Lauren Chapman Ruiz

Patient, Answering TTP Foundation (Volunteer)

Lauren Chapman Ruiz was 20 years old, a junior in college, living in California, when she was diagnosed in 2008. 

At first, Lauren thought that a bad cold was causing her headaches and extreme tiredness, but when she noticed unexplained bruises on her hips and arms, and red dots on her stomach, she knew that something more serious was going on.  A day or two later, blood tests revealed that her platelet count was down to 13,000 and her hemoglobin was also very low.  Her lips were cracked, her skin had begun to acquire a yellowish tinge, and her urine was orange with blood. 

For two days, the hospital conducted tests before Lauren finally received a TTP diagnosis and began receiving prednisone and plasmapheresis.  Fortunately, she was a quick responder and after each treatment, her platelet count doubled.  She told her friends that she was bionic and was being given superman blood!

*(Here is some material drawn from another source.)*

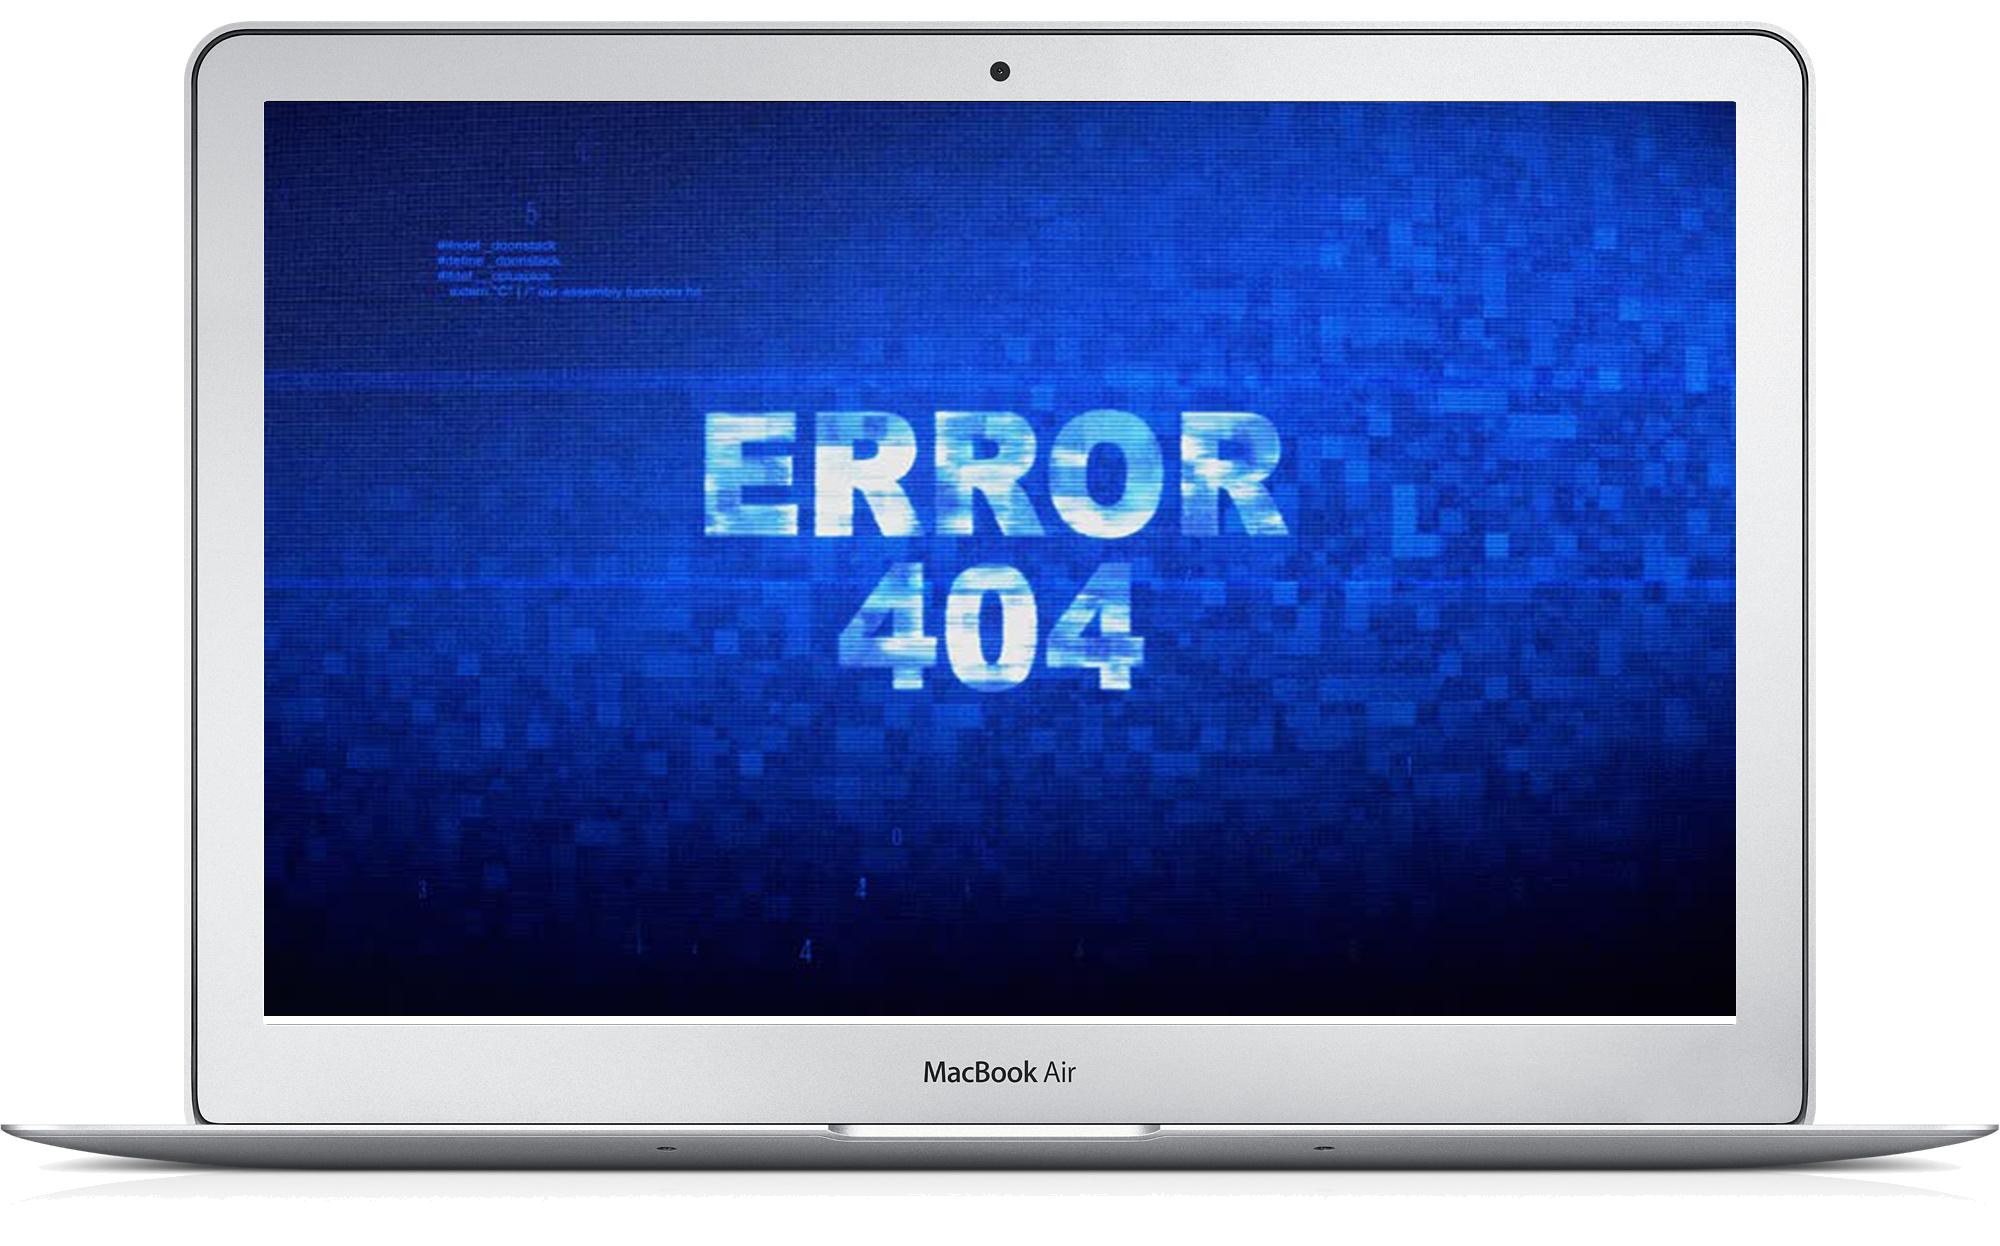 Jasa Perbaikan Website Wordpress dari Malware

After a week of treatment, Lauren’s numbers were normal. A new semester of college was starting and she was eager not to miss a beat; she was released from the hospital on a Friday, and was back to school on Tuesday.  However, within four months the demands of school, combined with a two hour commute home every weekend for labs, took its toll and Lauren was admitted to the hospital again.  This time was a little different though, her TTP relapse had been caught early so her platelets never dropped below 16,000 and she had the support of a special guy she had met in one of her college classes, who called her each night to talk for hours and tell jokes.  When she returned to school, they went on their first date.

Lauren wrote: “I left the hospital determined not to take life, or my health, for granted. I graduated a semester early, moved across the US to attend graduate school, lived abroad for a summer, focused my thesis on peer mentorship in chronic illness, and took a job where my work is focused on improving the experience of healthcare.”

And she married that special guy.

It had been six years since her last TTP treatment, but when she moved to a new state she found a hematologist nearby, “just to be safe”.  Her hematologist told her that after all this time she was unlikely to relapse… but two months later she did.

Lauren didn’t want to believe it, but the telltale bruising, orange urine, and red dots were all there.  Unfortunately, the local hospital didn’t have an in-house pheresis team so she had to wait for treatment.  Lauren’s platelet count of 10,000 fell to 7,000 and her neck catheter wouldn’t stop bleeding.  All night, and into the next afternoon, she and her husband argued with staff and new shifts of doctors, about the urgency with which she needed treatment.  She had started to feel chest pain and was getting scared.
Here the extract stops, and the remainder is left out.